I looked into a mirror, and was pleased to discover that my head was no longer, in fact, lumpy. Also, I did not look like Curly Joe - a concern that had entered my mind. Maybe it wasn't so bad, I thought. But then... perhaps it was merely shock. What I dreaded was not that moment, of first seeing myself with a shaved head. What I dreaded was waking up in the morning, and realizing that this time, it wasn't just a dream.

Sure enough, I woke up the next morning, bleery as hell, and staggered in to the shower. When I was younger, I used to wake up instantly, and come to full alertness. As I've aged, it takes me longer to become fully conscious. I got into the shower, and realized I had no hair. Oh yeah. I'd shaved it off. There was a surreal moment when I thought I had found a leftover stray hair, and it turned out not to be a loose hair, but an eighteen-inch long hair that had been growing out of the top of my ear. It was a head-hair, but growing out of my ear. It had obviously been there forever, but I hadn't noticed it, with all the other hair around it.

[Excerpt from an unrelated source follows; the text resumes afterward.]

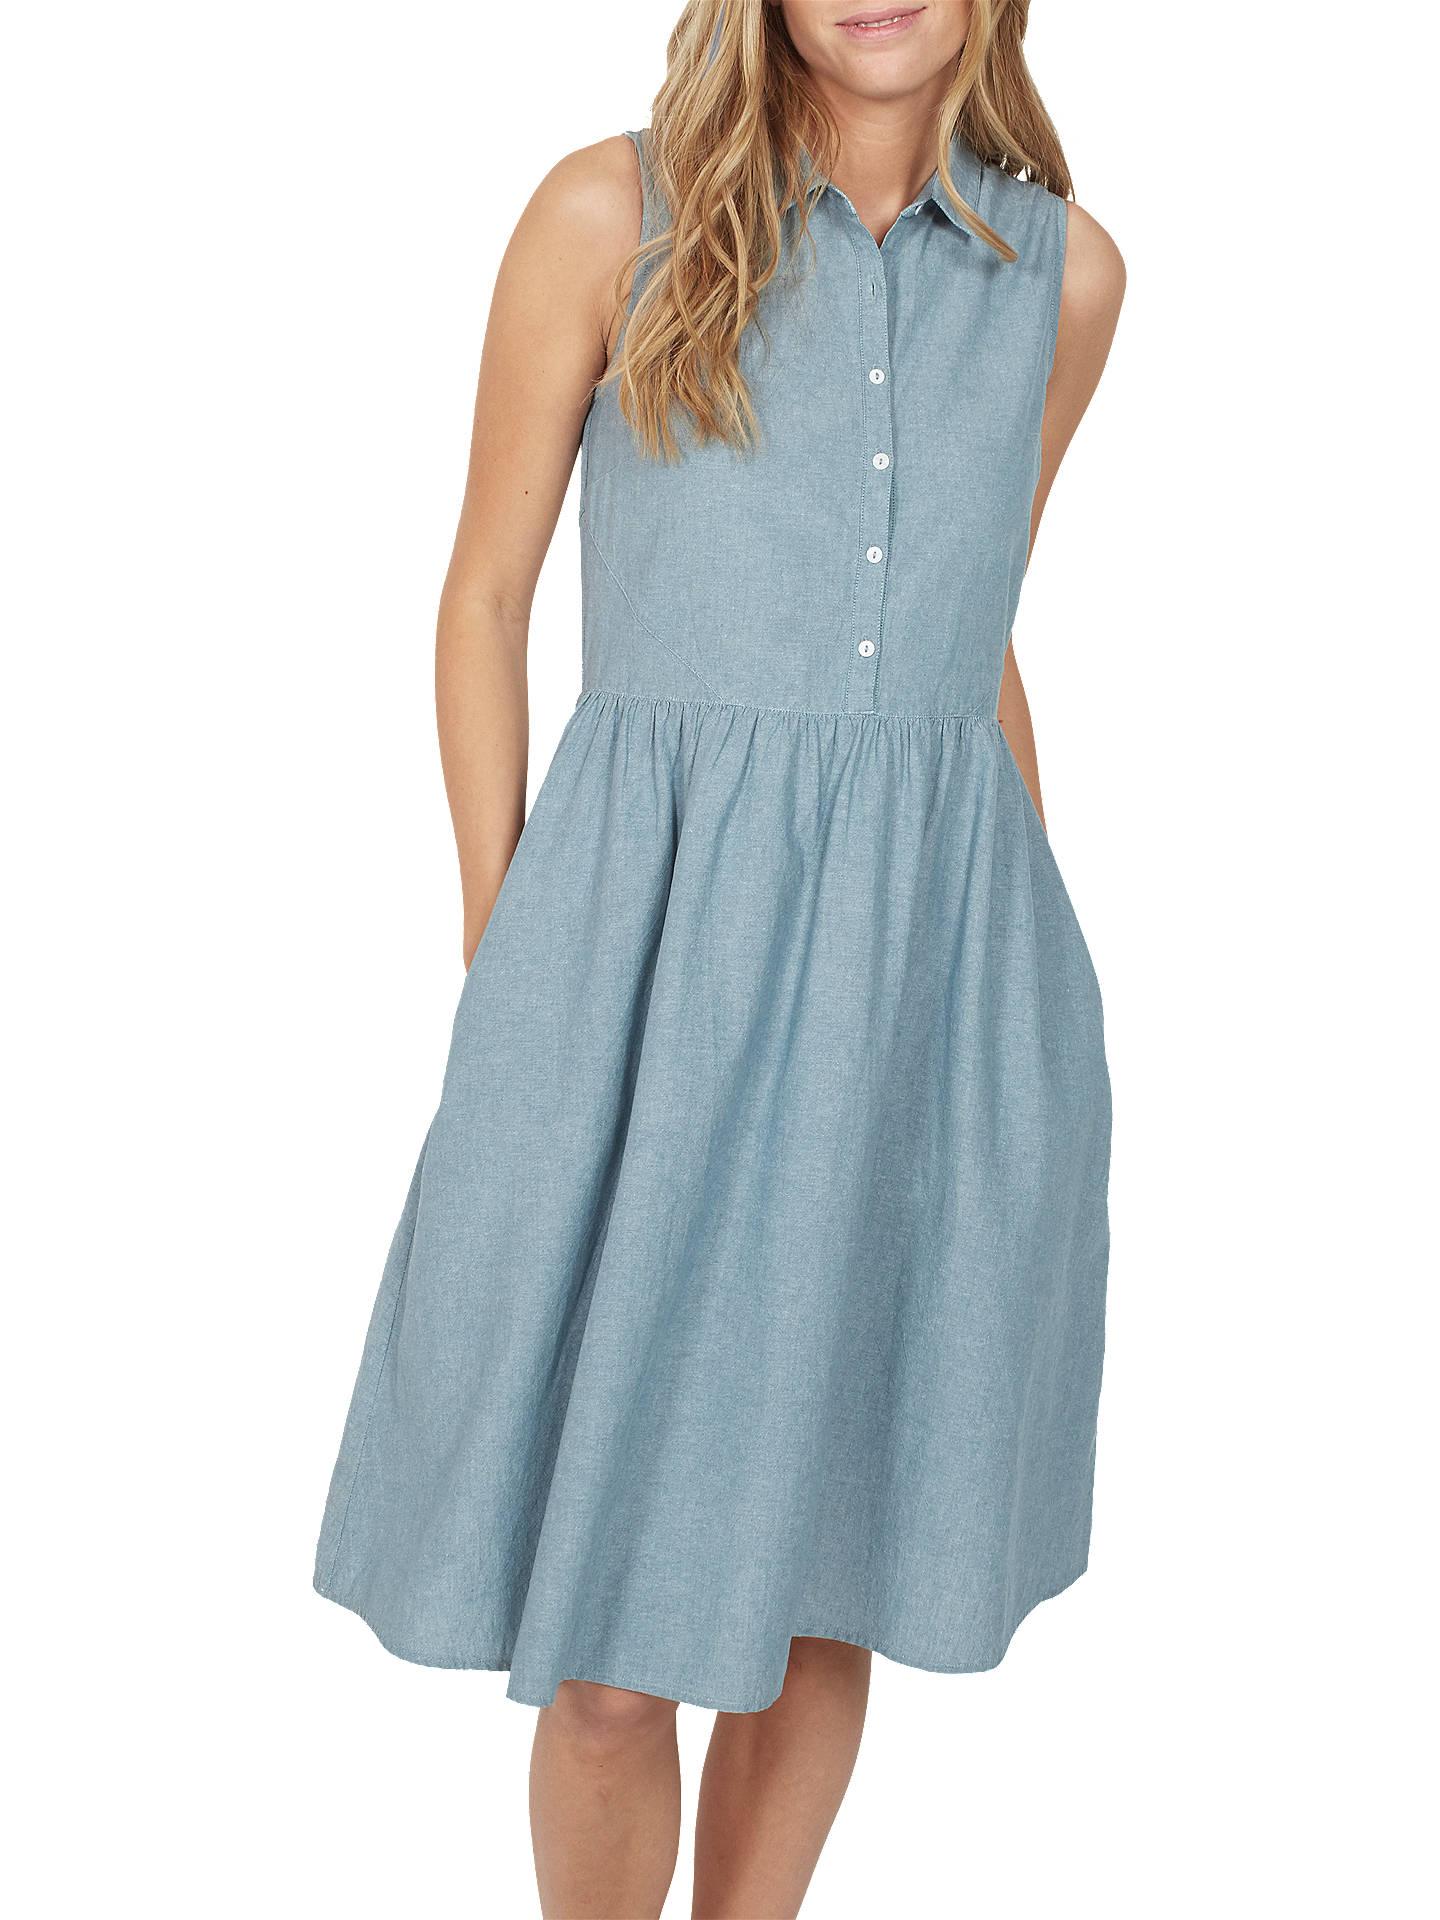 Festival Next Denim Chambray Pure Cotton Dress Dark Blue Garden Party Sz 14 100% High Quality Materials

There was that sense of deja vu again. When I stepped out of the shower, I realized that everything was exactly like it was in the dream, down to the Usago Yojimbo comics scattered around the bathroom by a roomate.

And just like in the dream, when I looked in the mirror at my shaved head, after all those years of being a die-hard longhair, I decided I liked it.

No more shampoo. No more fucking around with taking care of long hair (even the minimal care mine required). No more hair in my eyes when driving, or hair ripping free of ponytail ties, or blowing into a giant puffball in wind. Yeah... that also meant no luxurious long latin hair, which would turn into shiny ringlets if I ran plain water over them and let them air-dry.

But also... no more pain in the ass long hair to deal with.

And nothing to put hair products in. Mwa ha ha! I'm free! Coryn's still disgruntled, years later, at losing his favorite hair-product guinea-pig, but still.

In closing, it's working out for me. Another nice thing about having no hair is that people love to rub my scalp, even people I don't know.

But then... on the downside... people I don't know keep trying to rub my scalp.